By 1986, she was sending her typed report to 2,000 readers. Today, her International Rett Syndrome Association has a mailing list of 15,000 people in 56 countries and 50 states, and the Web site gets 2 billion hits a year – not bad for a disease affecting, by Hunter’s count, roughly 3,500 people around the world. The group has funneled more than $1 million into research since its founding and has lobbied Congress for almost $25 million. New members often report that, upon diagnosis, the doctor had only three words of advice: Call Kathy Hunter. To parse the genetic components of a disease – say, Alzheimer’s – researchers must collect tissue and blood samples from patients and their families. It takes a substantial sampling – DNA from dozens, sometimes hundreds of families – to establish the genetic basis of an illness.

Without DNA, no gene test can ever be developed. Researchers, consequently, are dependent on direct access to patients – not only for their DNA, but also for family histories and, occasionally, the brain tissue of deceased loved ones. “If you only have a few families, you can’t find the disease gene,” says Uta Francke, president of the International Federation of Human Genetics Societies, and professor of genetics and pediatrics at Stanford University School of Medicine. This means that motivated parents – like Hunter and Cody – can make or break a research effort. Parent groups have responded by launching blood and tissue drives, in some cases putting raw, unanalyzed medical data online. In other words, the very nature of gene sleuthing has strengthened the position of the Citizen Scientists, leveling the playing field between doctor and patient. “What happens now is that parents often know more about certain diseases than the health care providers they interact with,” says Francke. “They say, ‘We want to be partners. We can get blood samples for you, but we also want to be involved in the research.'”

This new reality is changing the business of medical research. The marketplace of ideas, traditionally driven by competition and profit motives, rewards a discovery with a patent and potentially huge financial gains. But parent groups don’t want a single person or institution to own the DNA they’ve contributed, or the findings derived from it. They want collaborative efforts – the more people at work on a problem, the faster it will be solved. “Researchers are single-minded,” explains Sharon Terry, vice president for consumers of Genetic Alliance, a Washington, DC-based coalition (of which Cody is president) representing 300 disease-specific organizations and hundreds of professional associations, such as the American Society of Human Genetics. “They often have no ability to see beyond their own project, and they don’t want any competition because they want to publish first.” Before her odyssey into the scientific world, Terry had been a college chaplain, more at ease discussing theology and religion than Mendel’s laws of heredity. Then her 7-year-old daughter developed a persistent skin rash on the sides of her neck; every time Terry asked her pediatrician about it he dismissed her concerns as those of an overprotective mother.

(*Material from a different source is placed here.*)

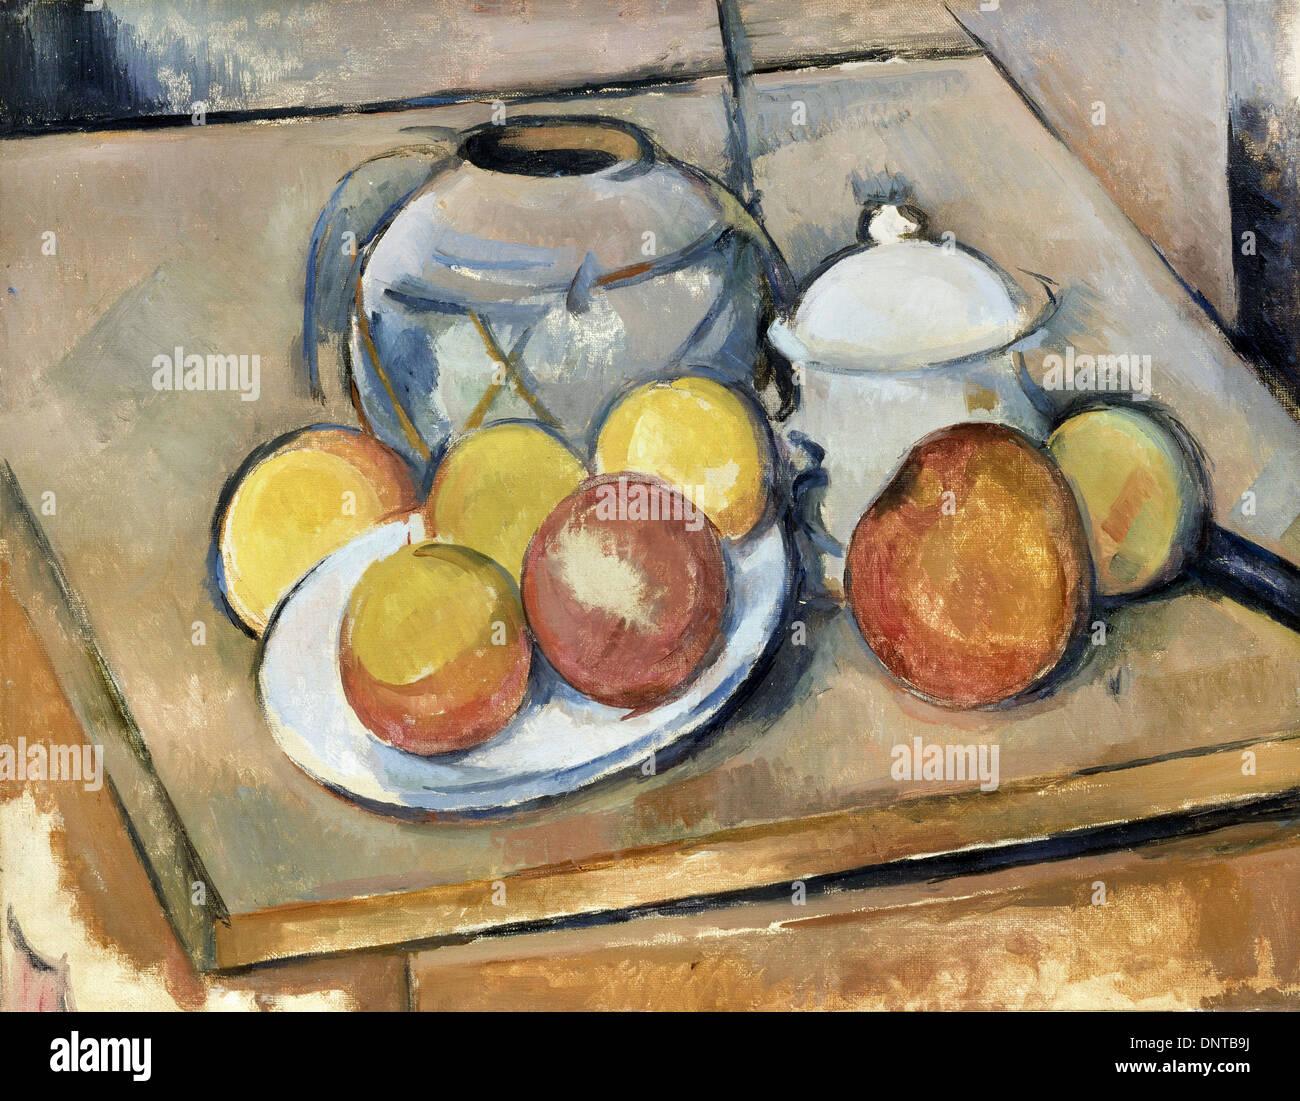 Paul Cezanne, Straw-Trimmed Vase, Sugar Bowl and Apples 1890-1893 Oil on canvas. Musee de l'Orangerie, Paris, France. - Stock Image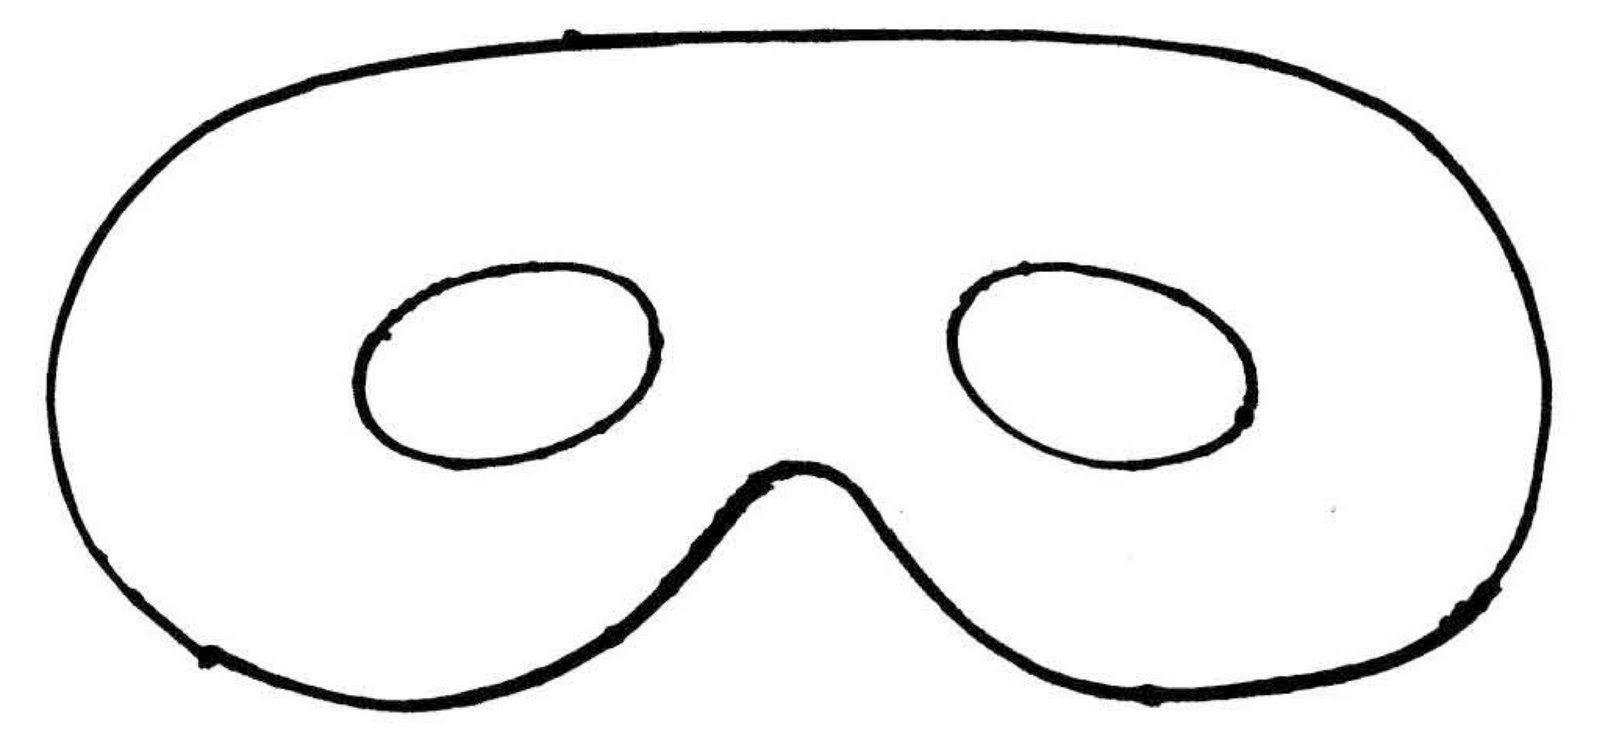 mask template - חיפוש ב-Google   Doing It Myself   Pinterest

Finally, in 1995, Terry sought the opinion of a dermatologist, who took one look at the child and said, “She has pseudoxanthoma elasticum.” Then he glanced down at her little brother, who had come along for the ride, and said, “So does he.” Terry’s first reaction was to worry about a disfiguring skin condition. But rashes were the least of her worries. PXE, as it’s known, can cause blindness, heart disease, and gastrointestinal bleeding. And, at the time, it was a true orphan disease, affecting so few people there was no central registry and virtually no research being done anywhere in the world. Within a year of the diagnosis, Sharon and her husband, Patrick, had formed PXE International. They’ve raised money – $500,000 total and $250,000 this year alone – for research, funding grants ranging in size from $5,000 to $200,000. They’ve established a registry of 2,000 affected individuals worldwide; created three blood and tissue banks around the world, which they opened to any interested genetics researcher; formed alliances with other patient advocate groups; and opened 50 offices around the world. “You can literally be a gene hunter in the privacy of your home while the kids are asleep.”

Terry quickly learned, however, that sharing doesn’t come easily to researchers. “Early on,” she says, “we banked our blood with some researchers. They were fine until some other researchers wanted to use the blood. Then they became hostile.” So she carefully screens research candidates for the PXE board. “We run it; we make the decisions,” Terry says. “Any successes belong to the patients, not to an individual scientist or hospital.” Their efforts paid off big in October 1999, when a University of Hawaii researcher, who received samples from Terry’s group, discovered the PXE gene. But what grabbed the attention of the genetics world – as well as those in the intellectual property realm – was the news that Sharon Terry and the researcher had filed a joint application to patent the gene. Terry had set up the blood and tissue bank so that every scientist who used its samples organization, to which Terry assigned the patent rights.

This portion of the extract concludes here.